David Berman, líder y miembro fundador de Silver Jews, ha muerto a los 52 años de edad. Por el momento se desconocen las causas.

Lo ha confirmado Drag City, su actual sello, que le ha calificado de “un gran amigo y uno de los individuos más inspiradores que hemos conocido”. Berman había publicado hace menos de un mes el debut de su nuevo proyecto, Purple Mountains, tras diez años prácticamente retirado de la música, y de hecho tenía ya programada una gira de presentación por EEUU que iba a arrancar este mismo fin de semana.

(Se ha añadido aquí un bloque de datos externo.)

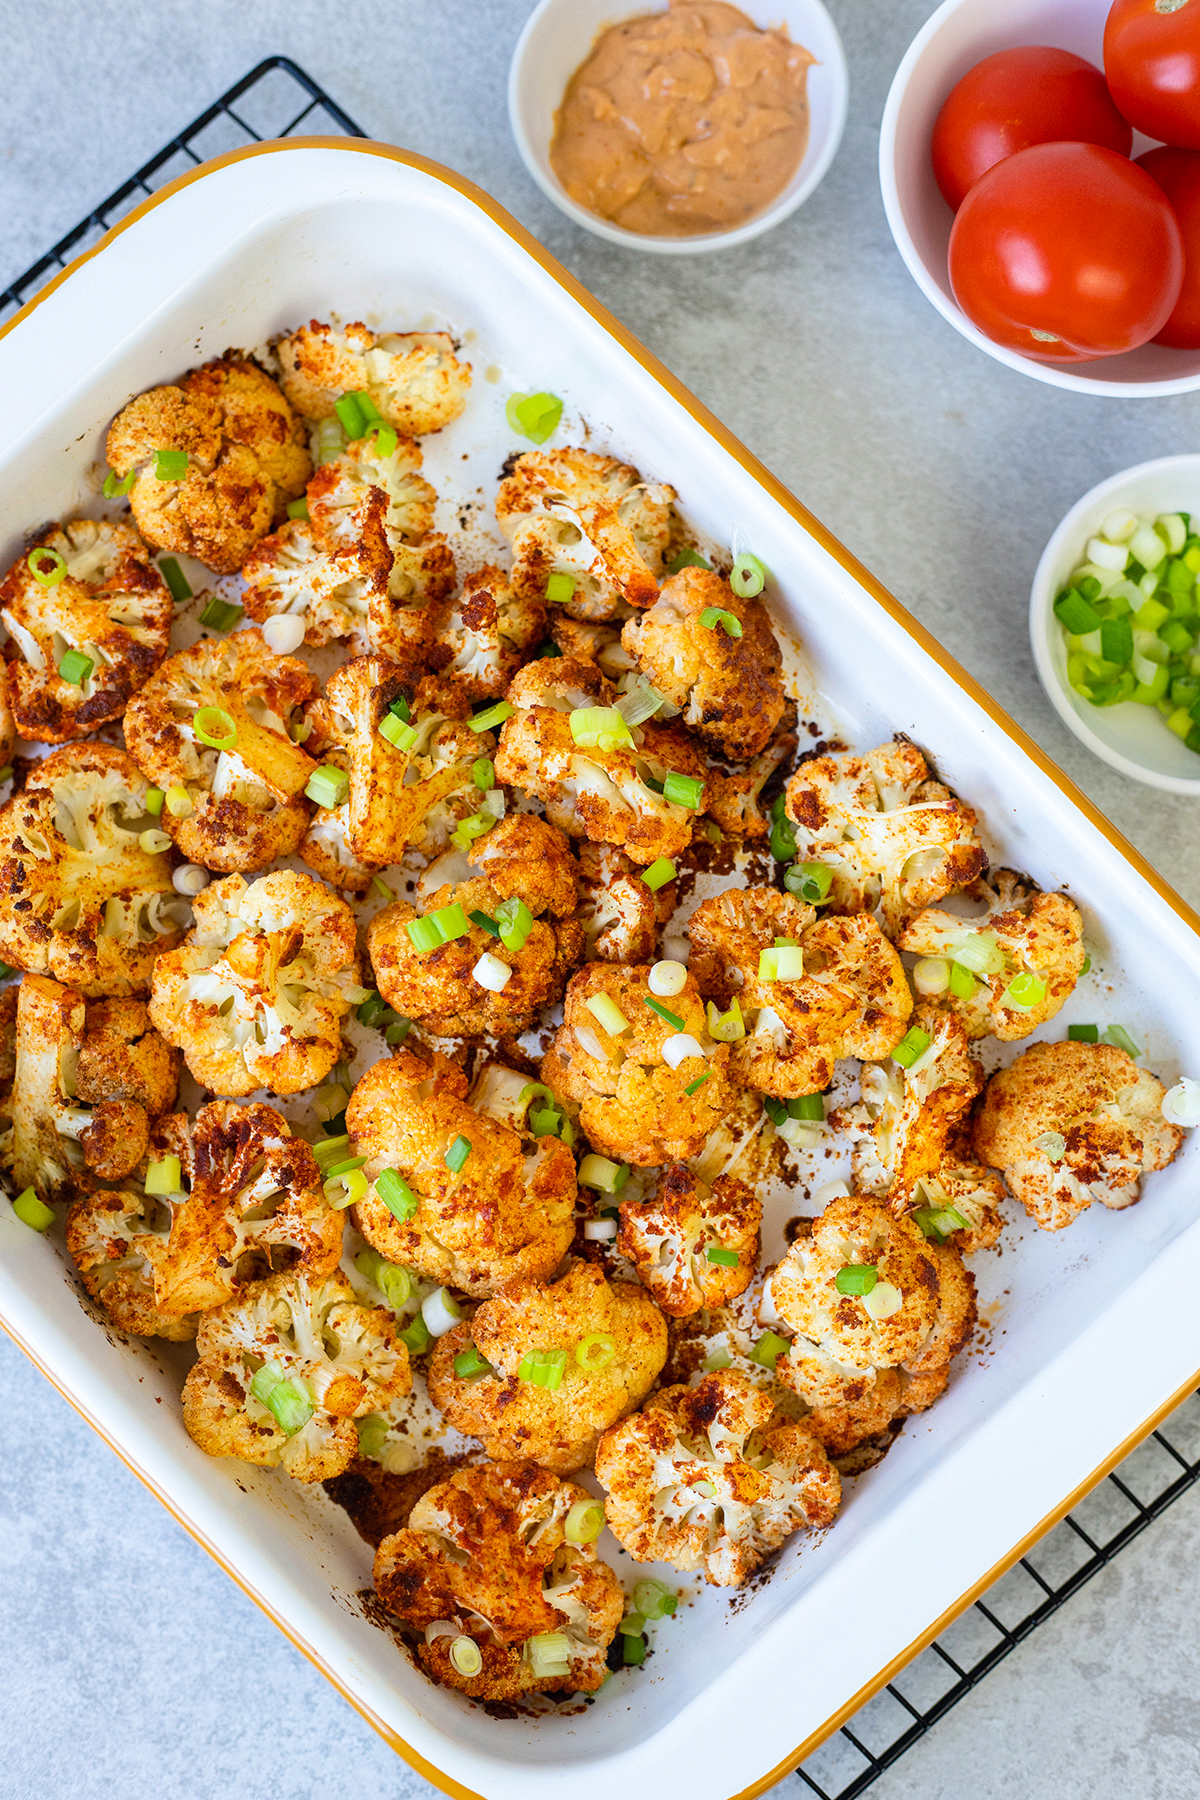 Spicy roasted cauliflower topped with green onion garnish in white casserole dish.

Berman era conocido principalmente por haber sido la alma mater de Silver Jews, un grupo de culto dentro del indie rock estadounidense que fundó a finales de los ochenta junto a Stephen Malkmus y Bob Nastanovich, quienes en aquel momento daban sus primeros pasos como Pavement. Silver Jews publicaron un total de seis LPs y dos EPs a lo largo de las tres décadas que duró la banda, durante las que Berman fue el único miembro estable, antes de disolverse definitivamente en 2009.

A lo largo de su carrera Berman había ejercido también como poeta y dibujante de cómic e incluso había intentado escribir un libro sobre su padre, Richard Berman, un lobista conectado con las industrias de las armas y el alcohol en EEUU con quien mantenía una relación hostil. En 2009, cuando hizo pública su relación de parentesco, llegó a calificarlo de “mi secreto más grave. Peor que el suicidio, pero que la adicción al crack”.

La lista de músicos que le están recordando en las últimas horas es inmensa (Stephen Malkmus y Bob Nastanovich y The Mountain Goats, Superchunk, Josh Ritter, Kevin Morby, Ryley Walker, Cat Power, Deerhunter, Kurt Vile, Titus Andronicus, The Avalanches…) y una prueba de la influencia que tuvo Berman, una voz única, magnética y clarividente, para el indie rock estadounidense de las últimas cuatro décadas.